Sorry the only practical reference I linked was the film. Others I have learned through many other sources, I narrated them in a way of story telling here. Citing the sources are key for publication, but forgive for this personal blog post this time. The book titles are well cited, which was another sources that I have a hand. About Ignacio Chapela story and a background, I learned that from a lecture and personal conversation (Fall 2019). Regarding the history of Matlab. I learned that by reading sources online, watching two Cleve Talks: one at Argonne National Laboratory (ANL) in 2017 made public by ANL, and another at published lecture at Technische Universität München (TUM) on October 5, 2015, made available by TUM. Search online for this talks, otherwise it will embed here a link with a video, which I do not want to do it, because it I often do not link just to dump videos here, but I have done. I used Tesler, copy and paste function, by the way to “type” TUM university in German here. Otherwise, I might have been able to retype the name by looking at it, but definitely not two dots over the vowels, which are called umlaut.

Other references for the Matlab history are in Dr.

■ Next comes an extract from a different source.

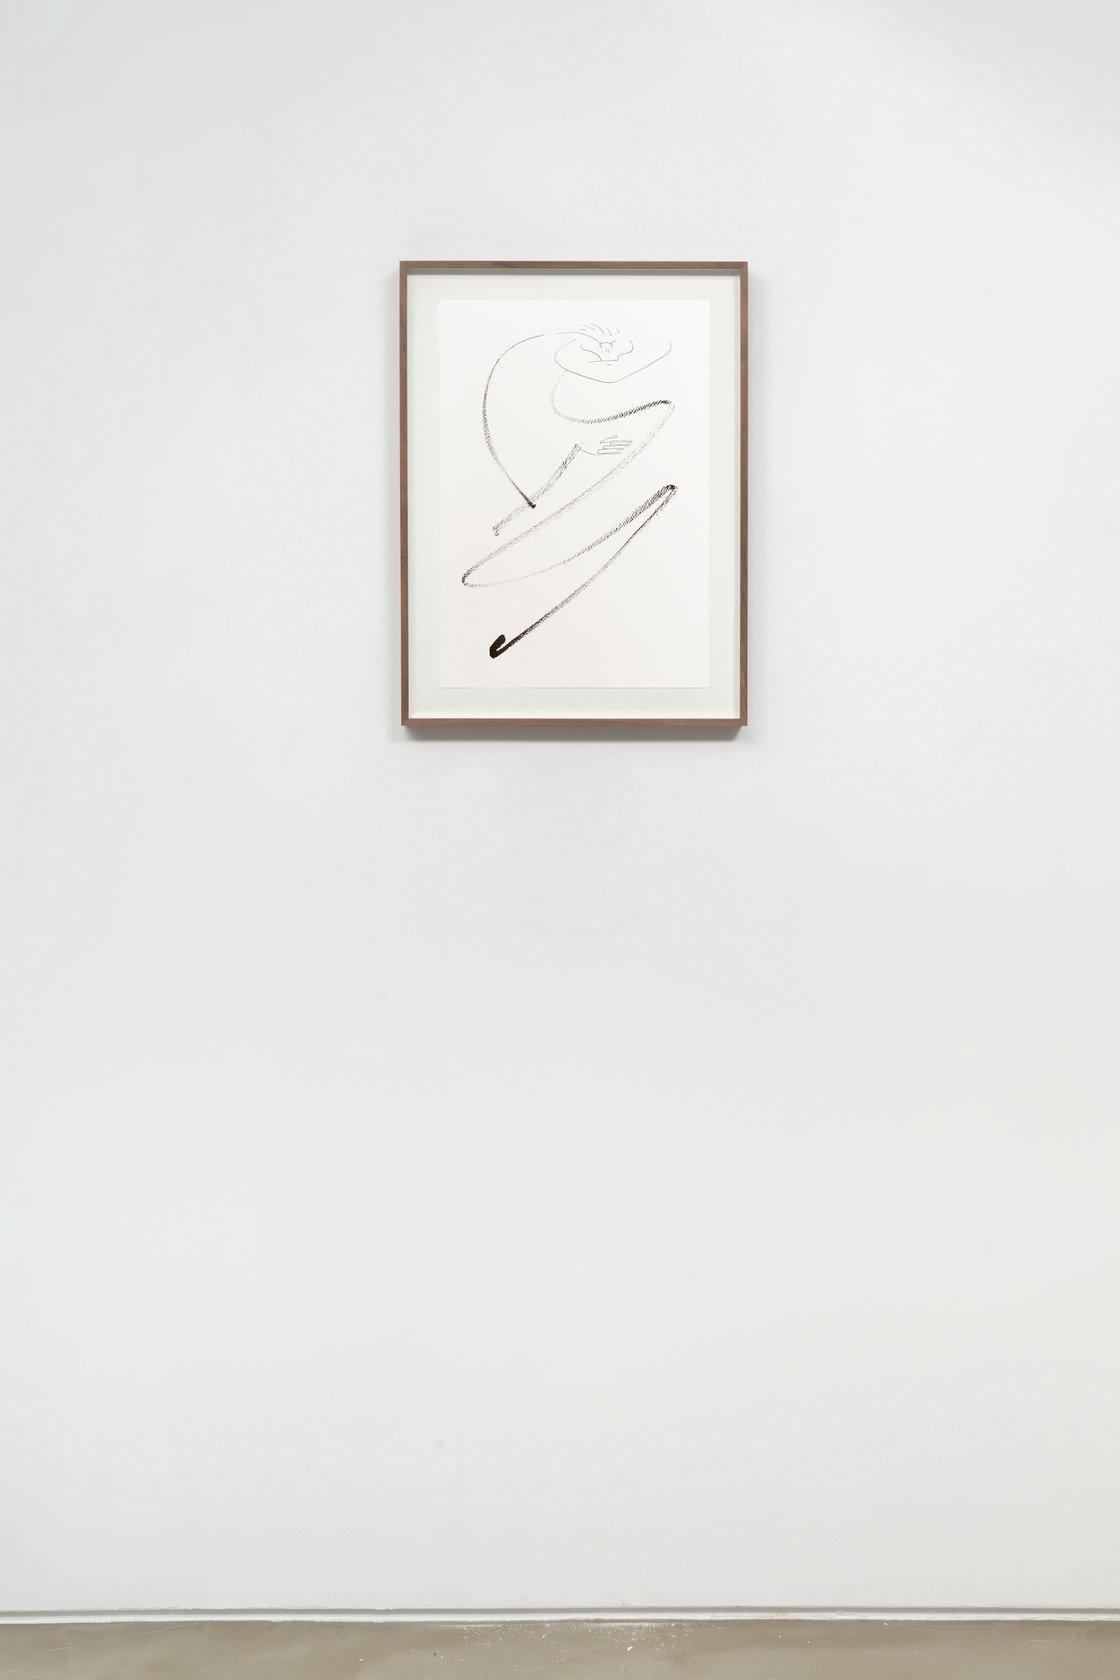 Abraham Cruzvillegas, Autoportrait avec pouce opposable LIV, 2020

Cleve blog, articles, and in the Mathworks website: here an example https://www.mathworks.com/company/newsletters/articles/a-brief-history-of-matlab.html

Now actual references, which I did not cross-referenced in the text:

Moler, C., 2004. The origins of Matlab. Cleve’s Corner (in the Mathworks Newsletter).

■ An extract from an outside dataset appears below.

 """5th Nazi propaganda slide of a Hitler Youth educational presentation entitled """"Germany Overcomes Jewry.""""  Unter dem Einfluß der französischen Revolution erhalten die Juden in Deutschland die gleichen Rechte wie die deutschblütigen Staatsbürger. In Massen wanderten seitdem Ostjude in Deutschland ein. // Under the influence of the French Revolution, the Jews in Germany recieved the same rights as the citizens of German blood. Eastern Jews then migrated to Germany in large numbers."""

I should have typed the reference of an actual article by Dr. Moler which I read some time ago, but I cannot find now. That is the big difference between writting a blog post in few minutes to share what is in your hear, or writing an actual article, report, and long term project, where the goals are defined at the beginning.

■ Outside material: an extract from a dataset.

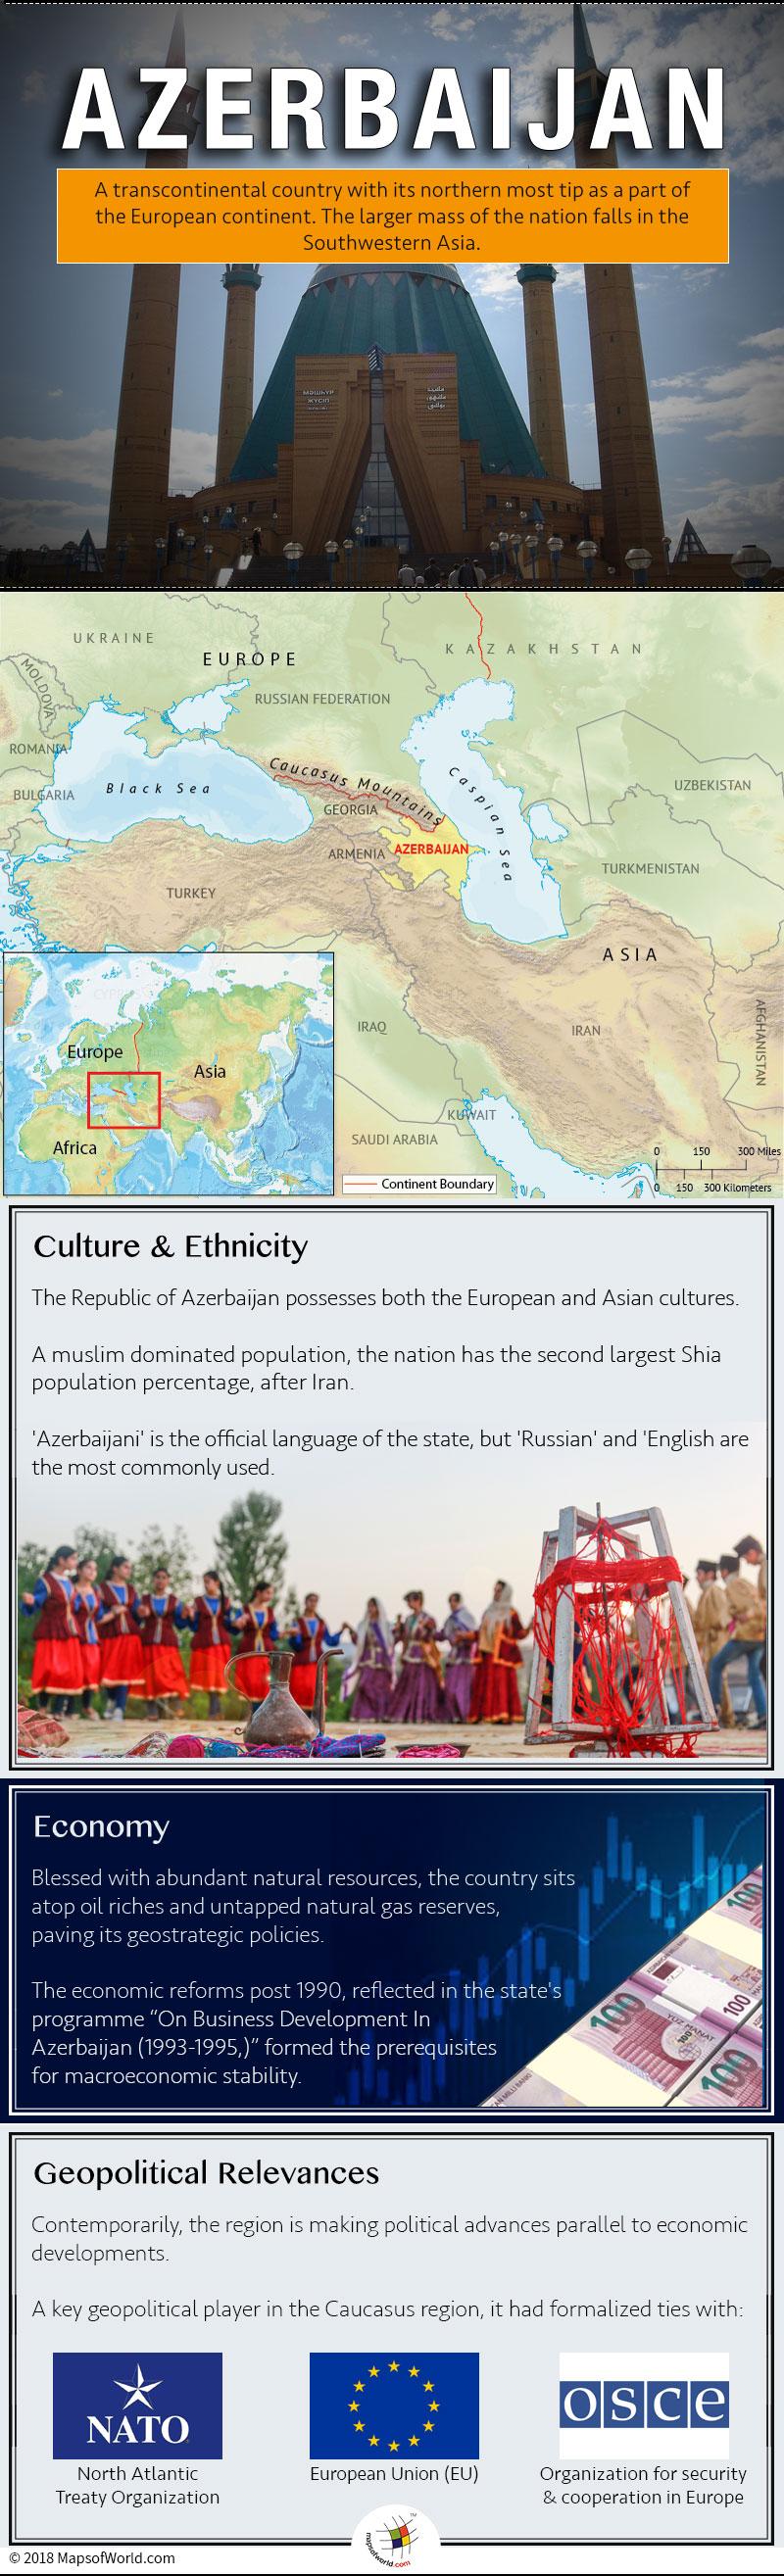 Is Azerbaijan in Europe or Asia?

Same thing with references about many topics I mentioned here comes from a large variety of articles, which I will not to look at each other back now to find the references. That might disproof what I say two posts ago, of citing every single source. It depends on what you write. For example, opinion columns do not necessarily cite the sources because they are expressing what is in their heads, based on concurrent events, a book, a film, not my favorite discipline, a teaching experience, a need of thought/reflection, a call for action, or for attention, a complain, or any other cause. Those might need to keep citing all the reading sources.

Anyways one reference about Tesler that is easy to find, and I not even sure if it is the one I read in the print version long time ago: https://www.nytimes.com/2020/02/20/technology/lawrence-tesler-dead.html

Correction: I think Tesler created cut and paste, rather than copy and paste, which could have been a byproduct.